- Data excerpt:
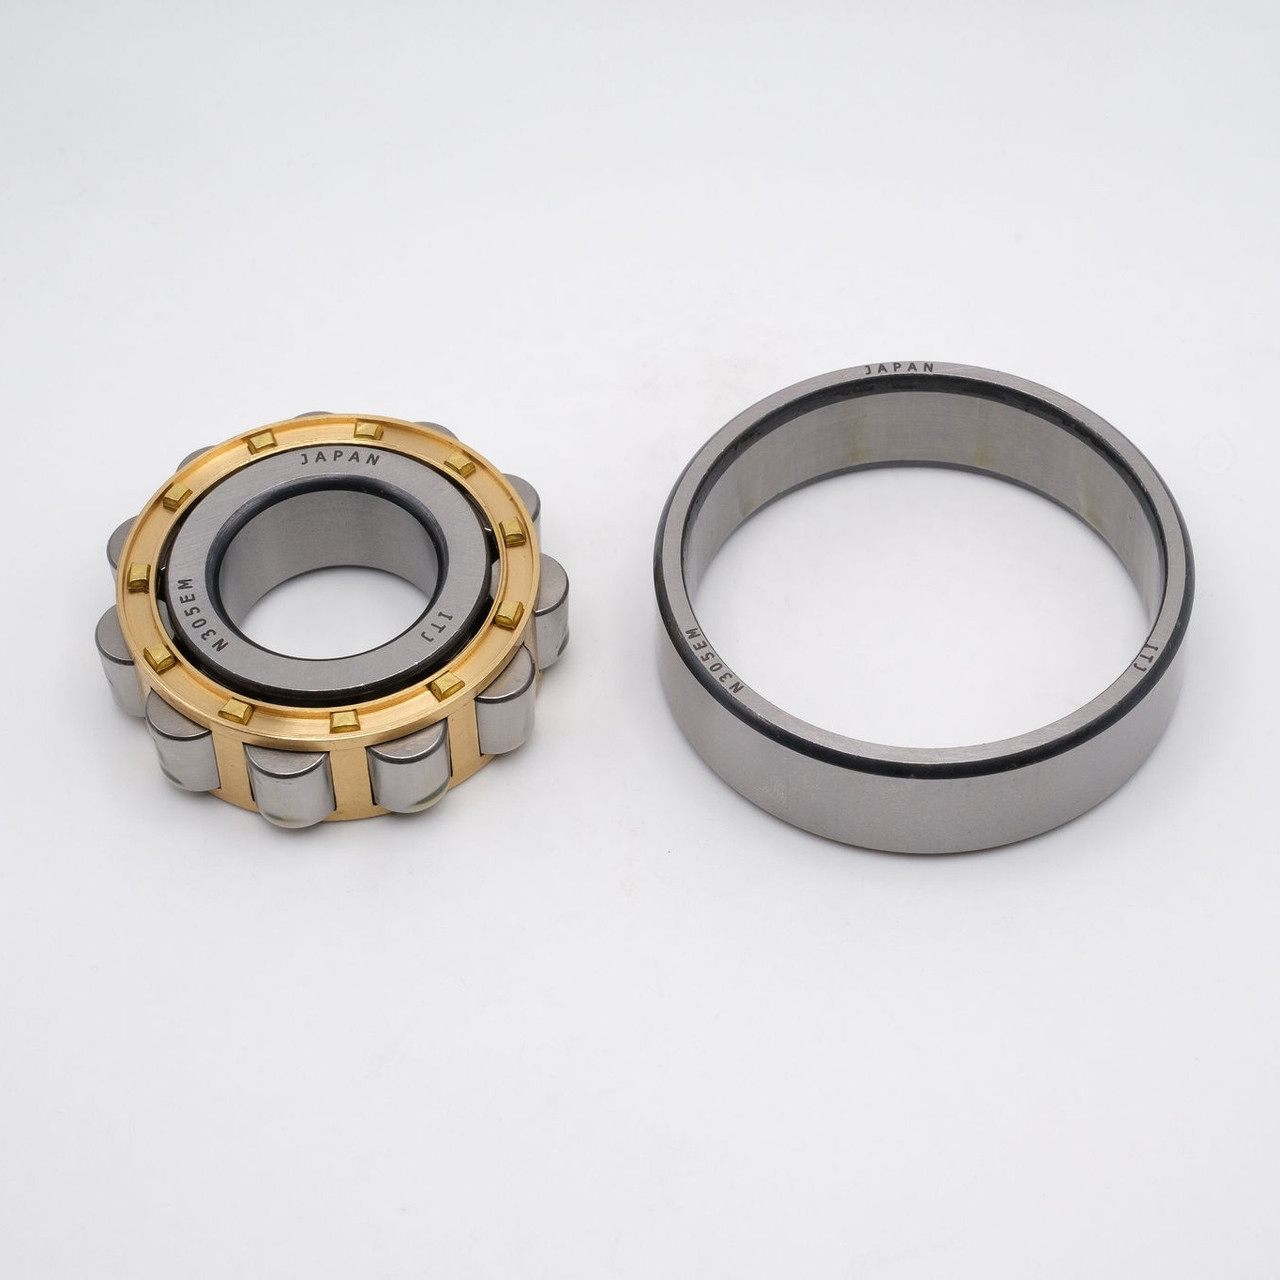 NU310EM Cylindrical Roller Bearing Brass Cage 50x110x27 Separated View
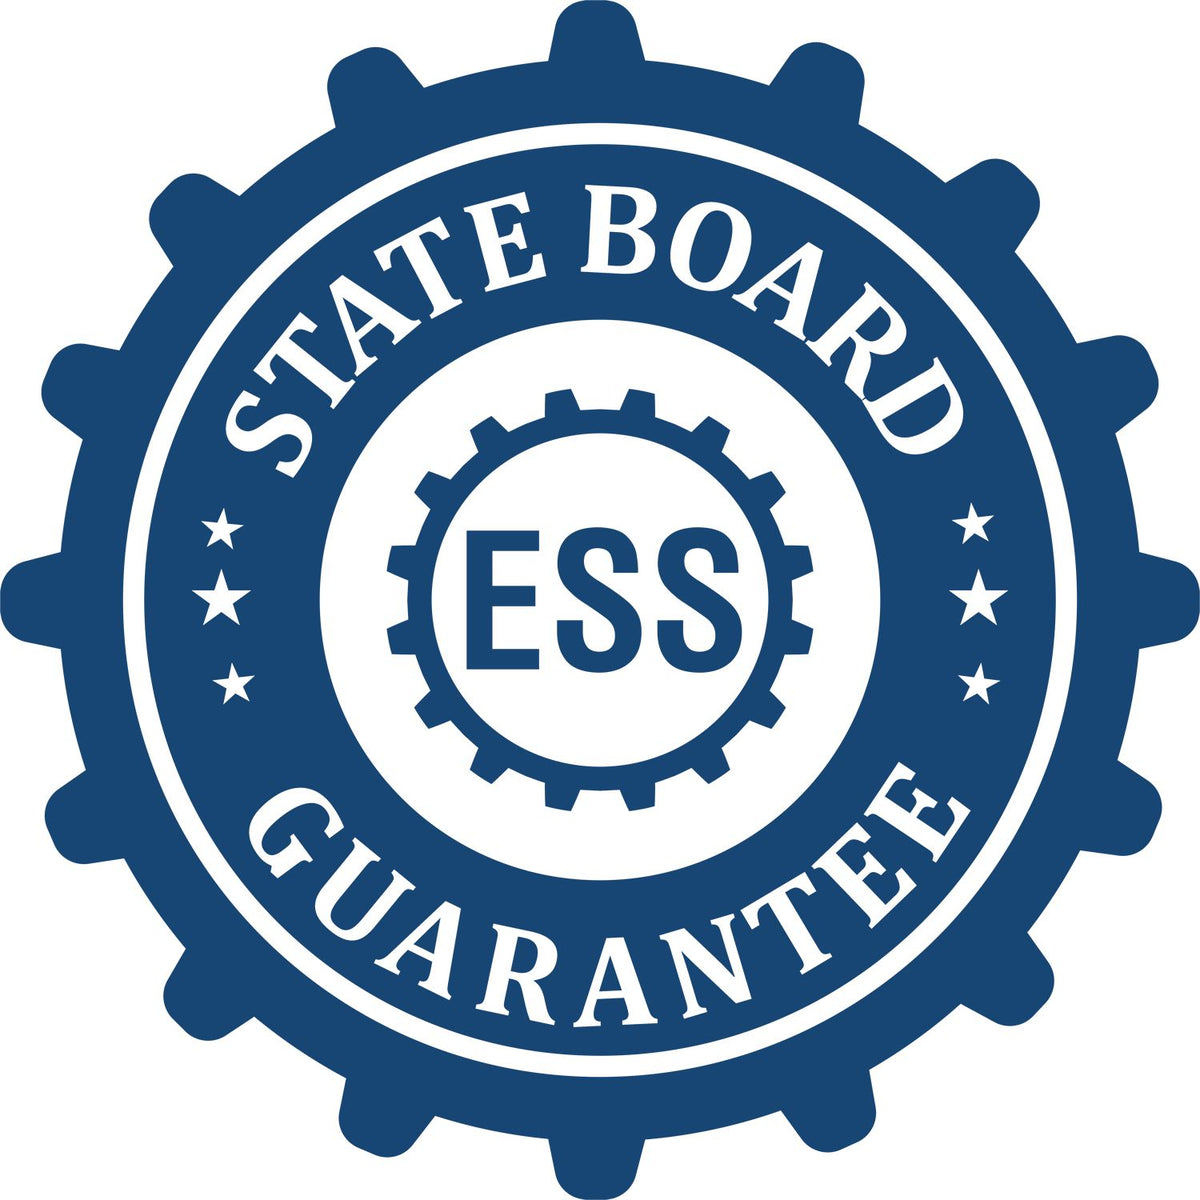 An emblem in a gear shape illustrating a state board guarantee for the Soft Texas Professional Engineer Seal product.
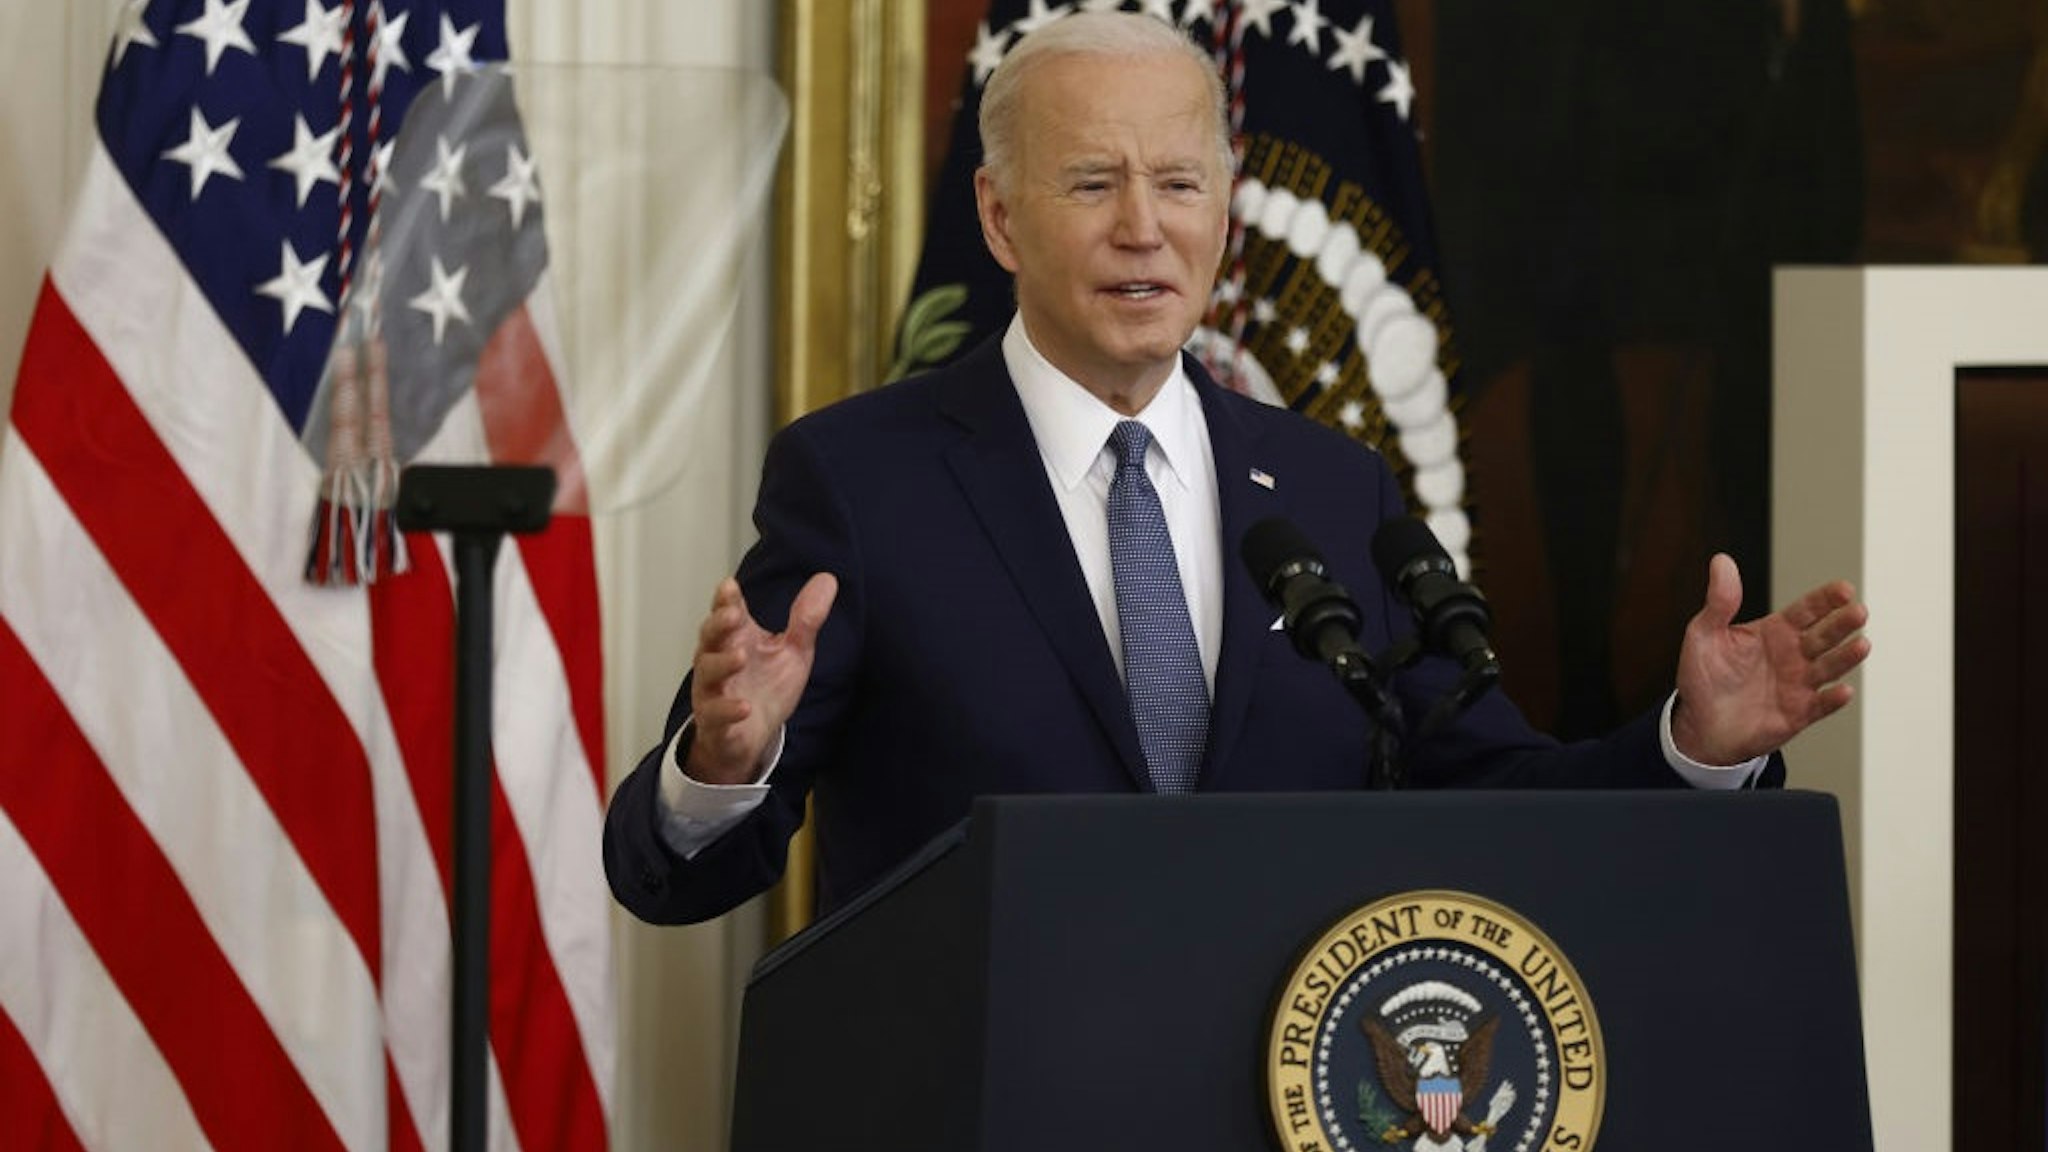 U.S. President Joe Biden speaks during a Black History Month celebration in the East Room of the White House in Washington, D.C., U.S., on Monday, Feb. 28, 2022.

- Exercise aim:
Everything in the data except the pictures must be retyped exactly.

- Exercise result:
 NU310EM Cylindrical Roller Bearing Brass Cage 50x110x27 Separated View
 An emblem in a gear shape illustrating a state board guarantee for the Soft Texas Professional Engineer Seal product.
 U.S. President Joe Biden speaks during a Black History Month celebration in the East Room of the White House in Washington, D.C., U.S., on Monday, Feb. 28, 2022.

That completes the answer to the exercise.